2025-11-11 15:58:37.673845: I external/local_xla/xla/tsl/cuda/cudart_stub.cc:31] Could not find cuda drivers on your machine, GPU will not be used.
2025-11-11 15:58:37.673845: I external/local_xla/xla/tsl/cuda/cudart_stub.cc:31] Could not find cuda drivers on your machine, GPU will not be used.

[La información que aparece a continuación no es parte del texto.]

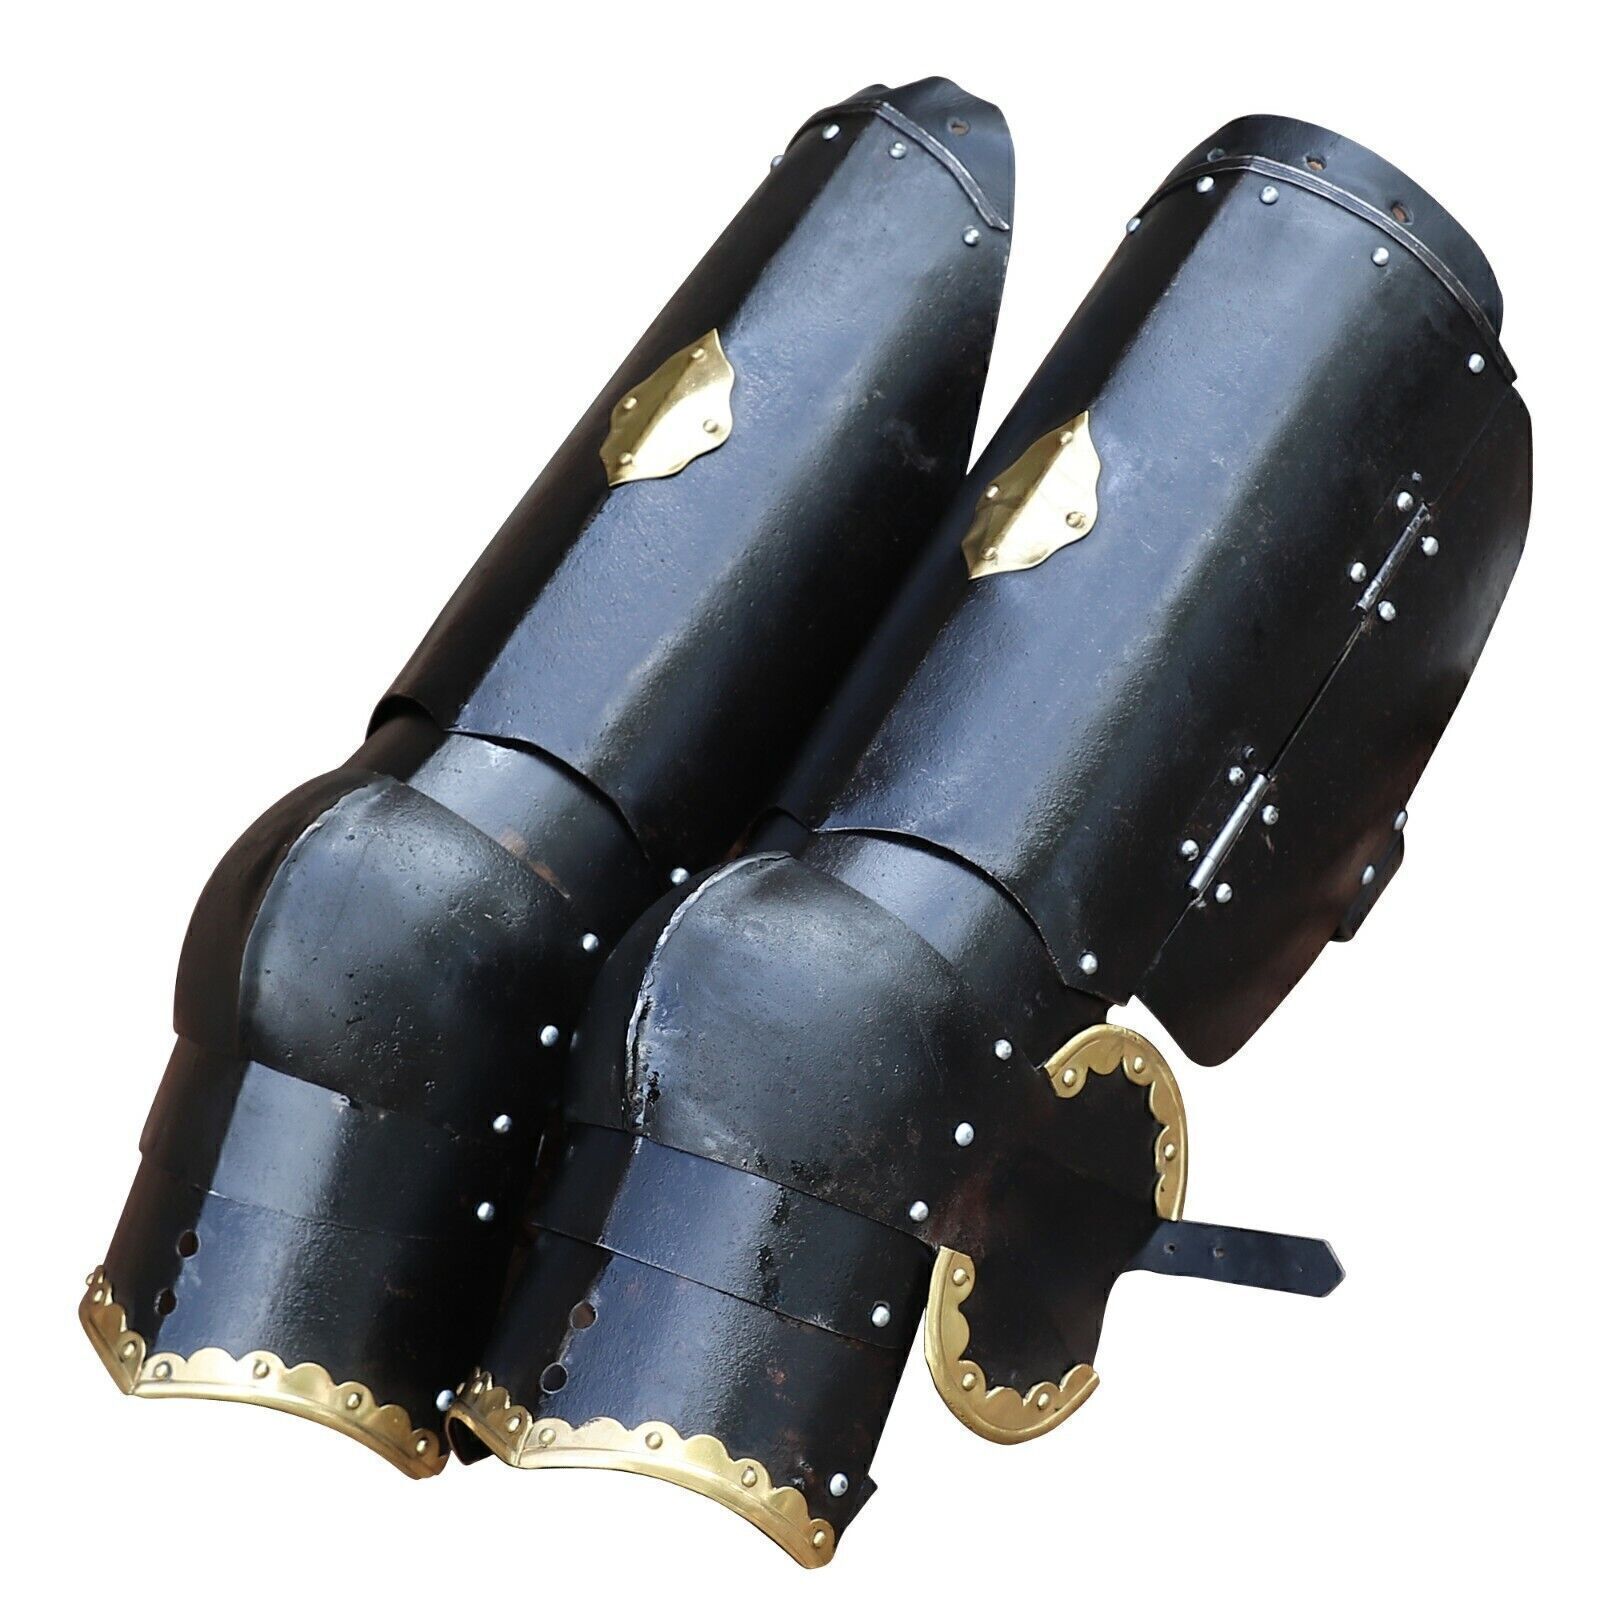 The Cursed Black Knight Functional Steel Practice Training Medieval Leg Armor

TensorFlow version: 2.20.0
Keras version: 3.12.0
NumPy version: 2.2.6


## Cambios Realizados para Compatibilidad

El código original usaba `keras.backend` (TensorFlow 1.x), que ha sido deprecado. Se realizaron los siguientes cambios:

### Actualizaciones en `yolo_model.py`:
1. **Imports actualizados**: Se cambió de `keras.backend` a `tensorflow` y `numpy`
2. **Funciones reemplazadas**:
   - `K.reshape()` → `np.array().reshape()`
   - `K.variable()` → Eliminado (innecesario)
   - `K.sigmoid()` → Función `_sigmoid()` personalizada con NumPy
   - `K.exp()` → `np.exp()`
   - `K.get_value()` → Eliminado (trabajamos directamente con arrays)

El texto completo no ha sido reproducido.